---------- Data below ----------

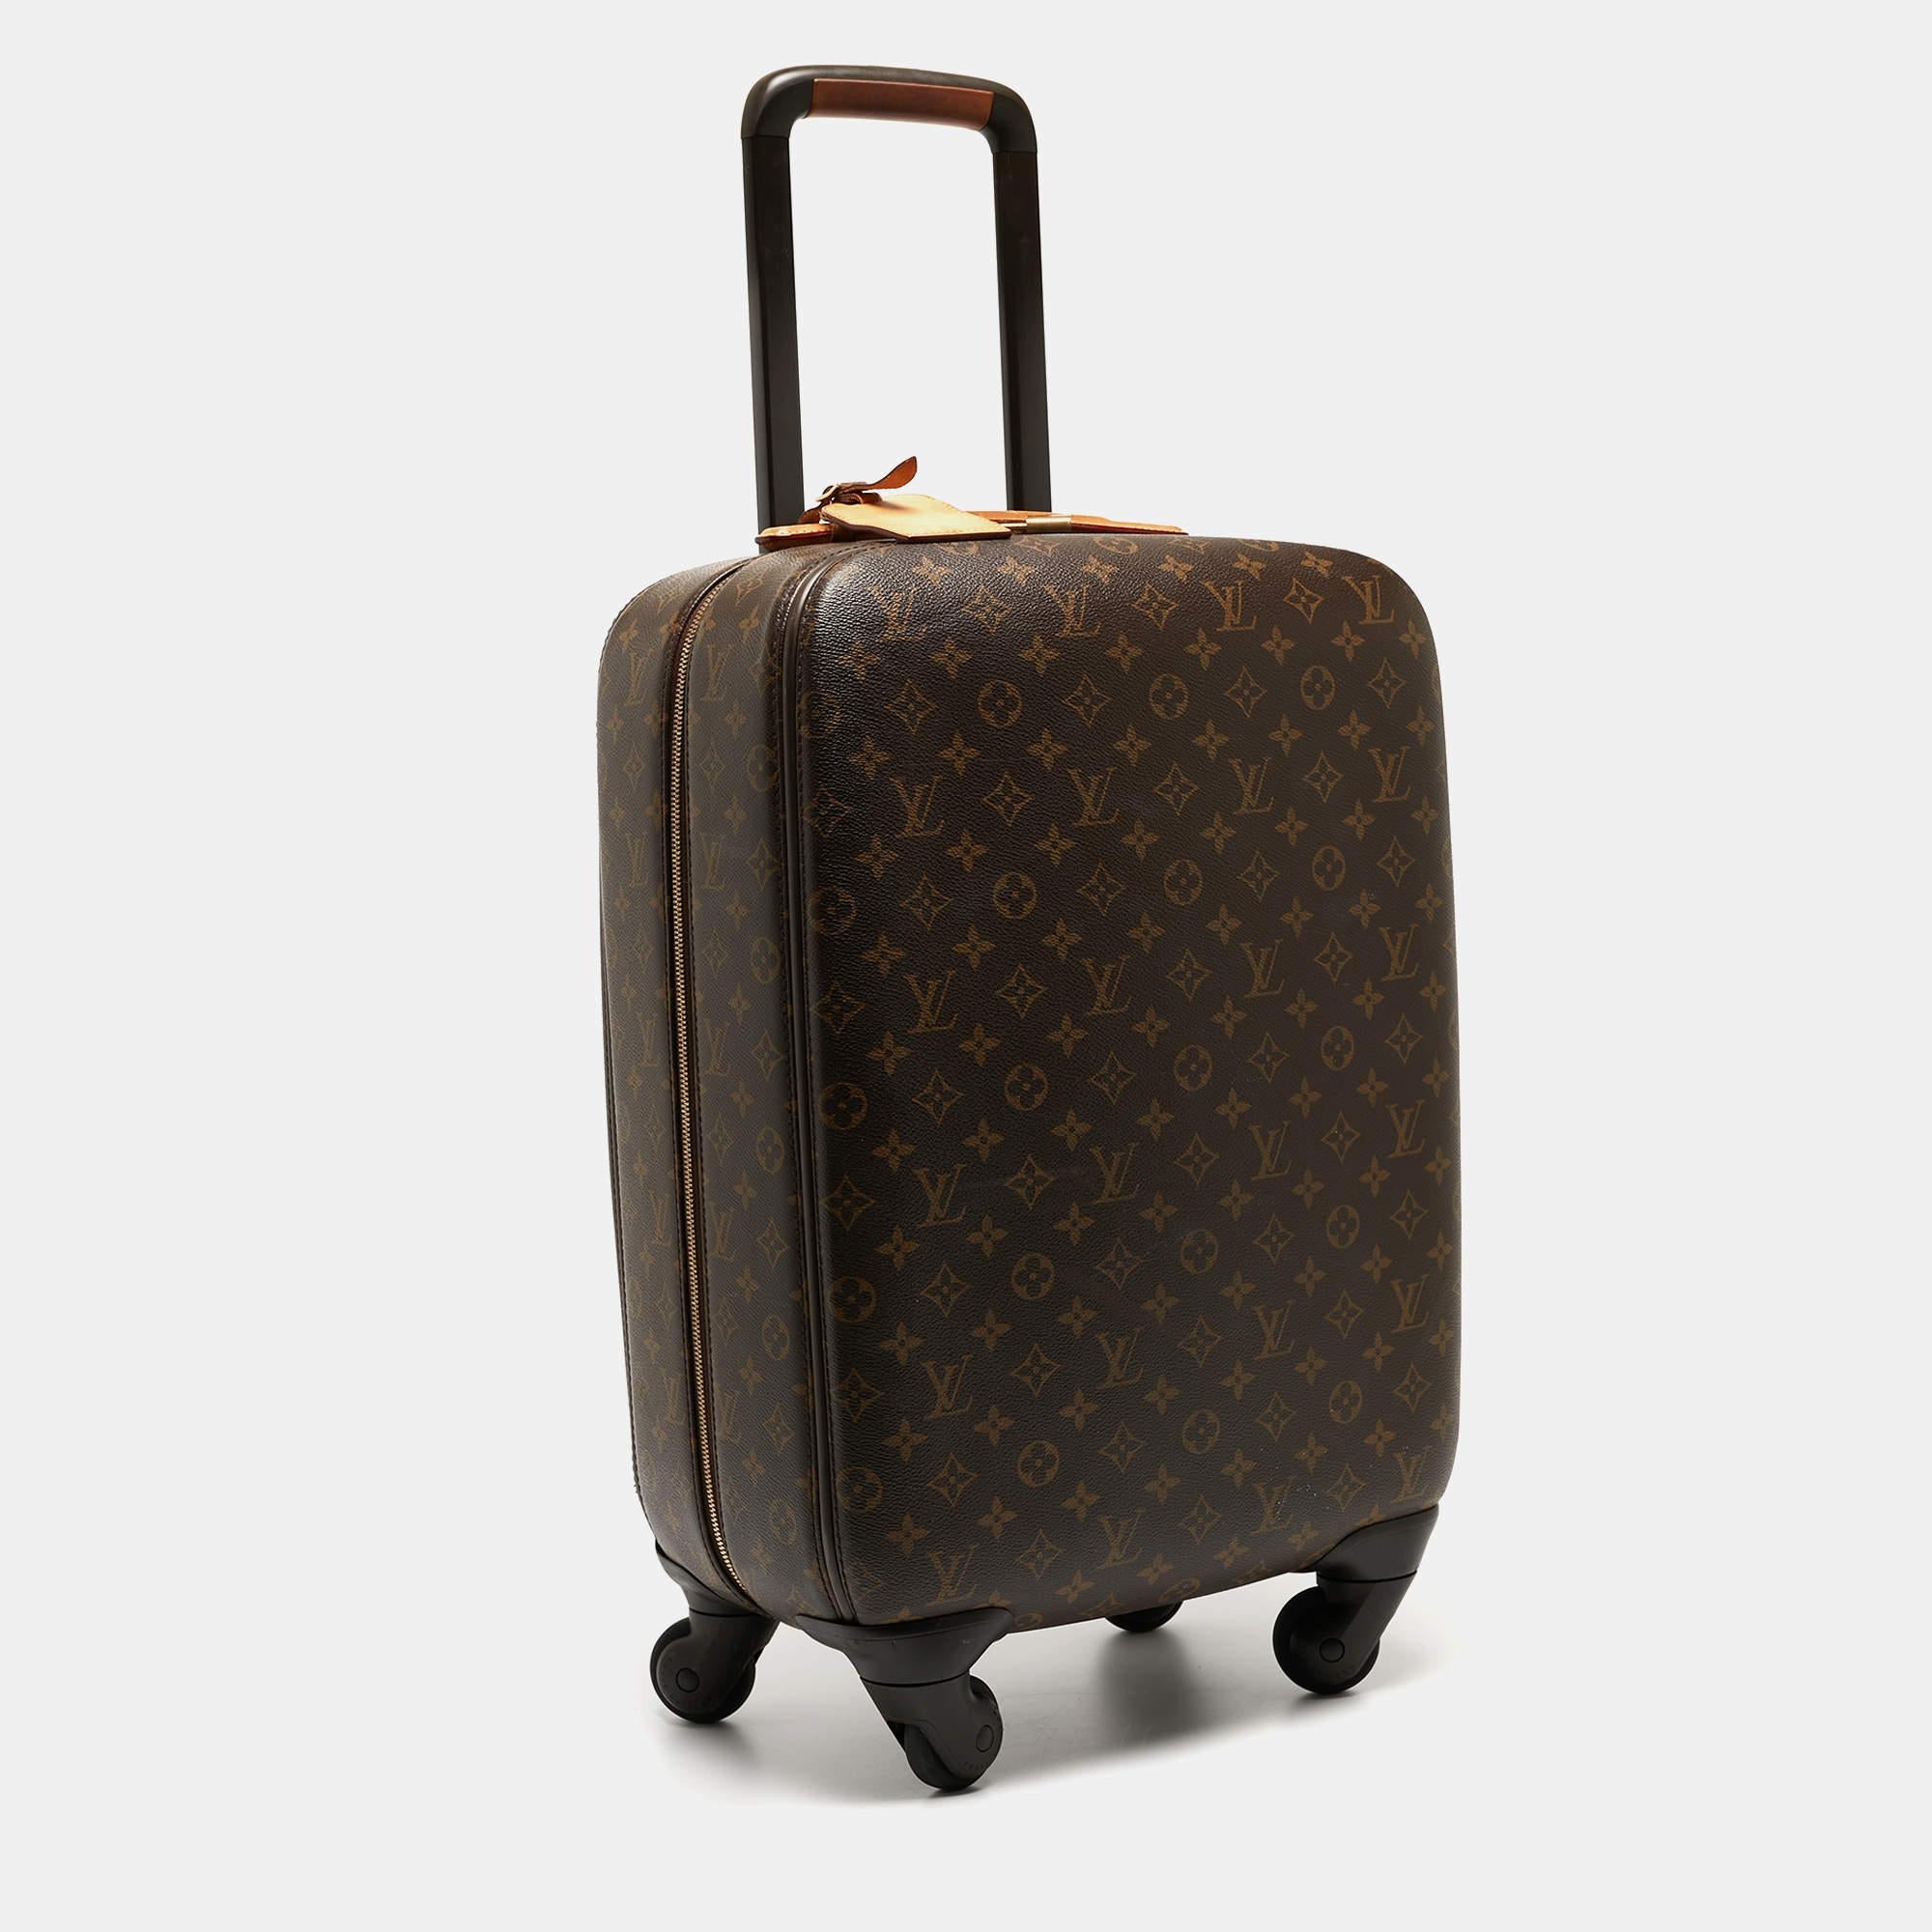 Reisen Sie mit diesem Louis Vuitton-Koffer an alle Orte, die Ihr Herz begehrt. Er ist aus hochwertigen MATERIALEN gefertigt und hat ein geräumiges Format. Robust und ultramobil gleitet er auf seinen Rädern dahin, während sein raffiniert gestalteter
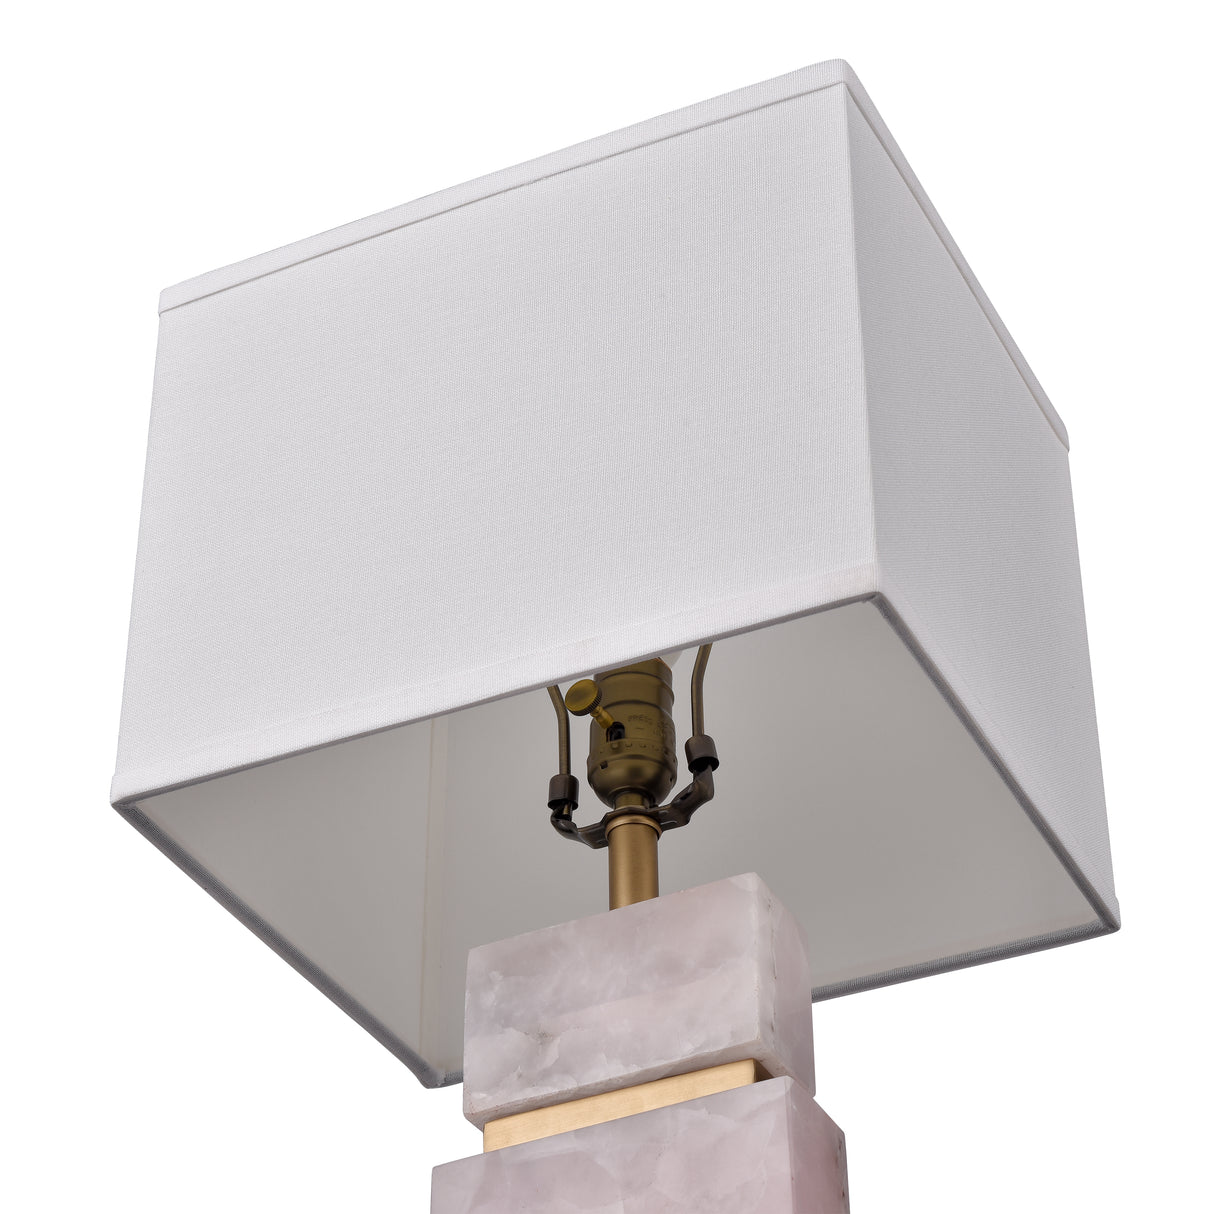 Elk H0019-10385 Alcott 21.5'' High 1-Light Table Lamp
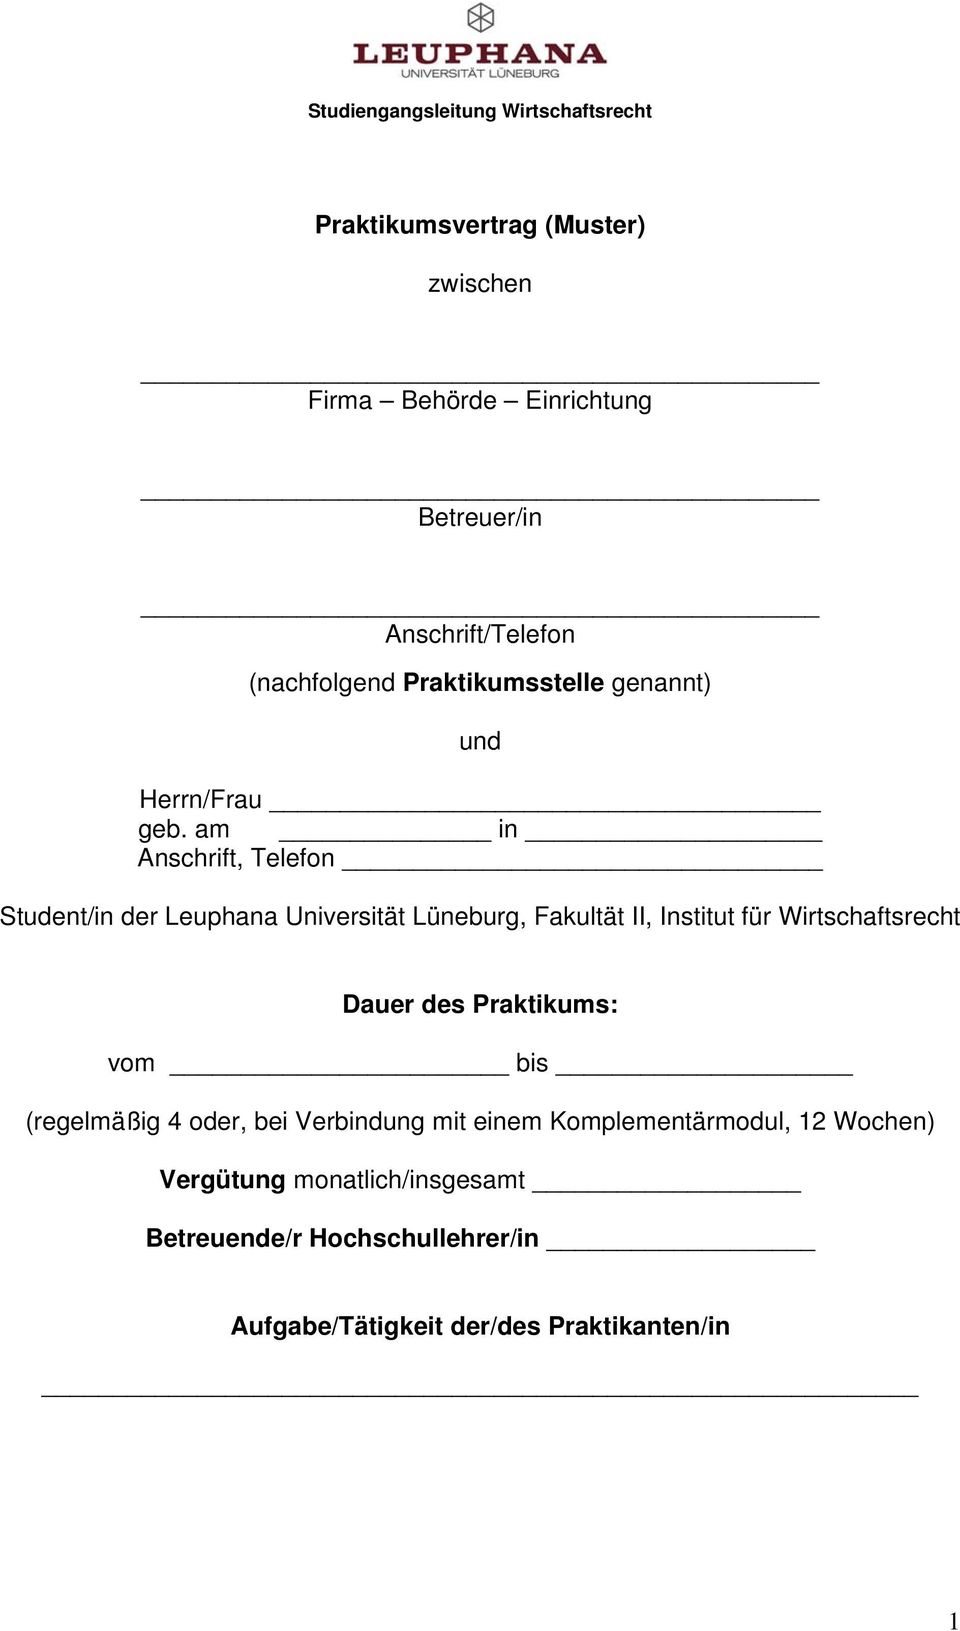 am in Anschrift, Telefon Student/in der Leuphana Universität Lüneburg, Fakultät II, Institut für Wirtschaftsrecht Dauer des

----------

* _Exercise directions_
Nothing but an exact copy of the data, without its images, should make up your answer.

* _Response to the task_
 Reisen Sie mit diesem Louis Vuitton-Koffer an alle Orte, die Ihr Herz begehrt. Er ist aus hochwertigen MATERIALEN gefertigt und hat ein geräumiges Format. Robust und ultramobil gleitet er auf seinen Rädern dahin, während sein raffiniert gestalteter
 Elk H0019-10385 Alcott 21.5'' High 1-Light Table Lamp
 am in Anschrift, Telefon Student/in der Leuphana Universität Lüneburg, Fakultät II, Institut für Wirtschaftsrecht Dauer des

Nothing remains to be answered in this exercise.